Jiraiya just shook his head. "In the interest of ever being allowed to be alone with a child ever again, I'm not going to answer that."

"I never drink," Minato stated matter-of-factly. "Why was last night an exception? Did I need to drag you out of a gay bar again and need to rid myself of the memories?"

"That was only one time!" Jiraiya protested. "When you're that wasted, it's hard to tell what kind of establishment you've entered and it really doesn't seem to matter much as long as they serve sake."

"I noticed," Minato said dryly. "But drunk people can be handsy people and…seriously, stay away from those because next time I'll just leave you there to be pleasantly surprised in the morning when you sober up."

"It's not like it was on purpose," Jiraiya muttered. "Besides, we agreed that that never happened, remember?"

"What never happened?" Minato asked innocently.

"Good boy," Jiraiya said, patting his apprentice on the head. "And to answer your question, you were going through the initiation into the toad summoners last night."

"Did I pass?" Minato asked, a little anxiously. Getting to become a summoner was a big deal and he didn't particularly want to have to go through the initiation again, even if he didn't really remember it. Scratch that, especially since he didn't really remember it.

"Barely," Jiraiya replied. "But yeah.

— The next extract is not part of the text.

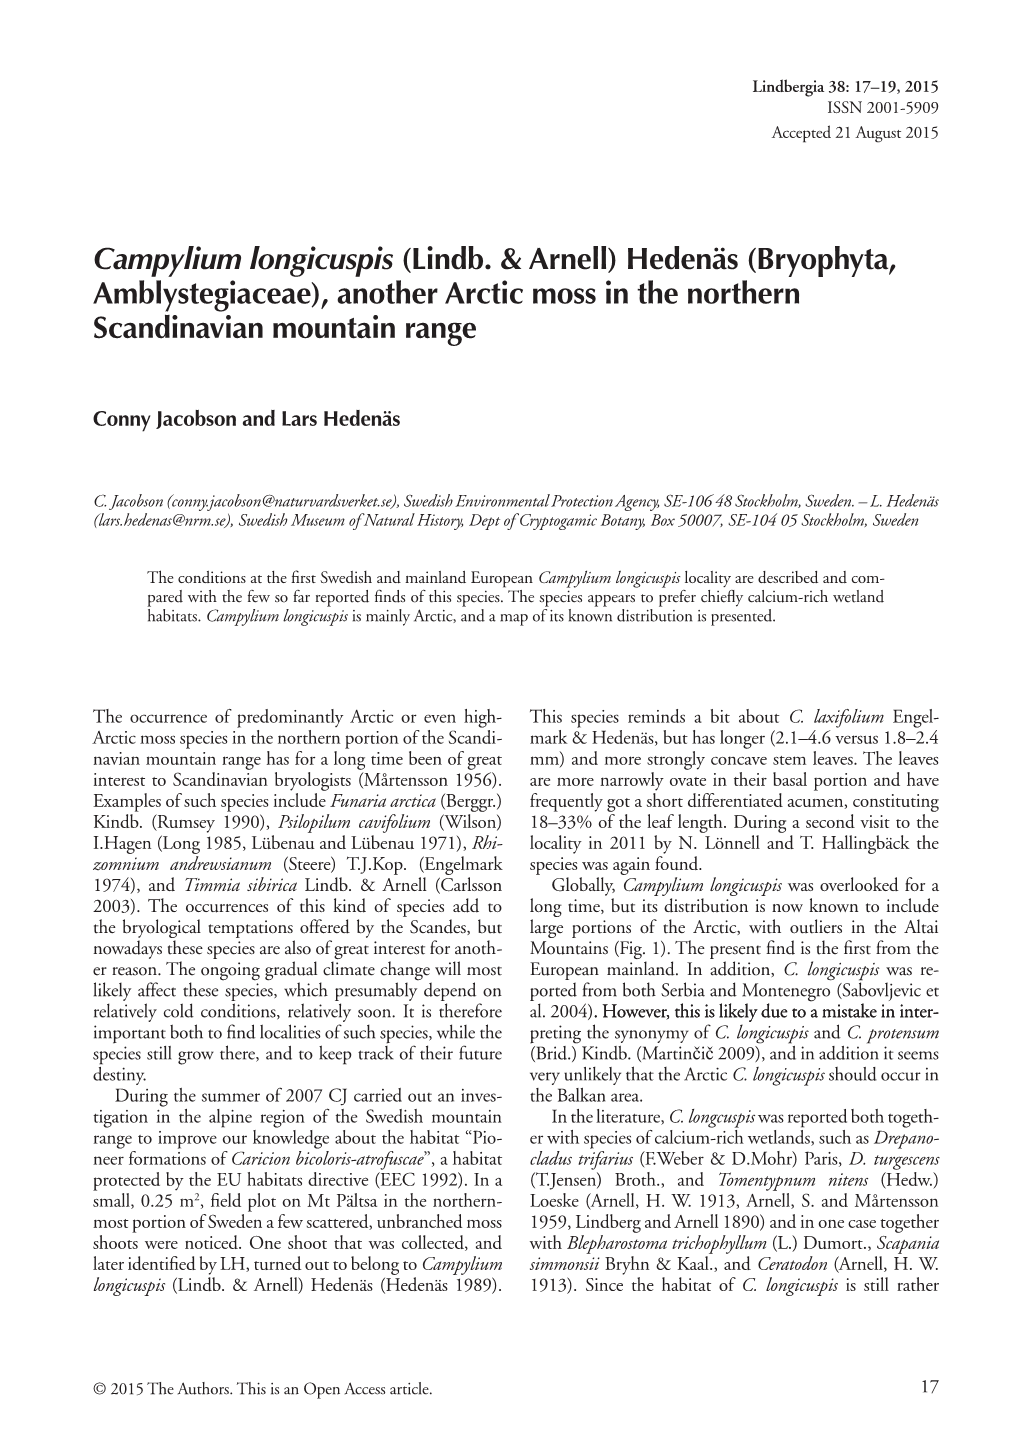 Campylium Longicuspis (Lindb. & Arnell) Hedenäs
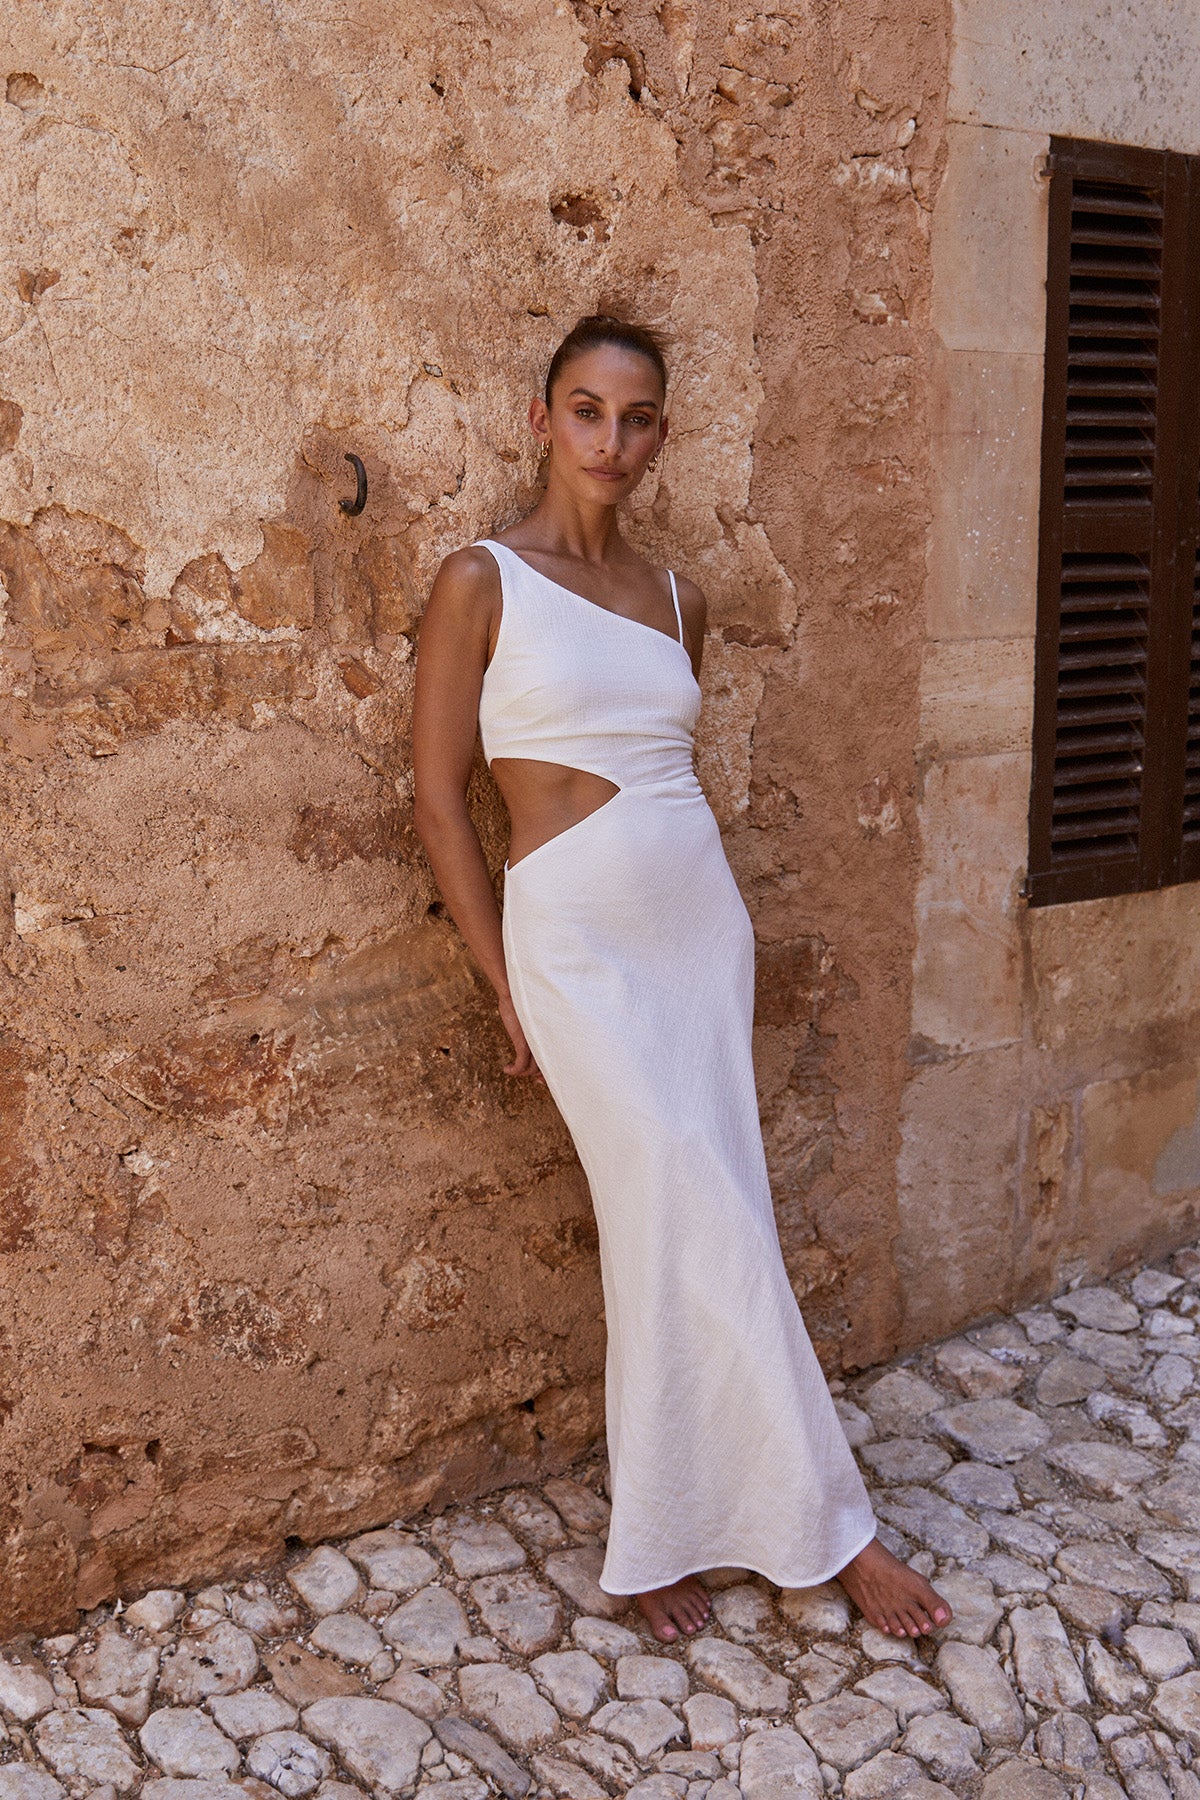 Perfect Stranger Dominique Elissa Golden Hour Textured Midi Dress White

See?" He took out a scroll and showed Minato the list of toad summoners that was recorded on it. He cocked his head and frowned, puzzled. "That's funny…I don't see your name on there."

"What are you talking about?" Minato asked, equally confused. He helpfully pointed to his signature. "It's right there."

Jiraiya examined said signature closely. "No, that says 'Arashi'," he declared.

Minato stared at the scroll, where his name clearly stood out. "No, it says 'Minato.' Because, you know, that's my name."

"I know that!" Jiraiya sounded a little insulted. "But even knowing what it's supposed to say, I just don't see 'Minato.'"

"Well, why would I sign my name as 'Arashi'?" Minato asked reasonably.

"What did you say your nickname was again?" Jiraiya inquired politely.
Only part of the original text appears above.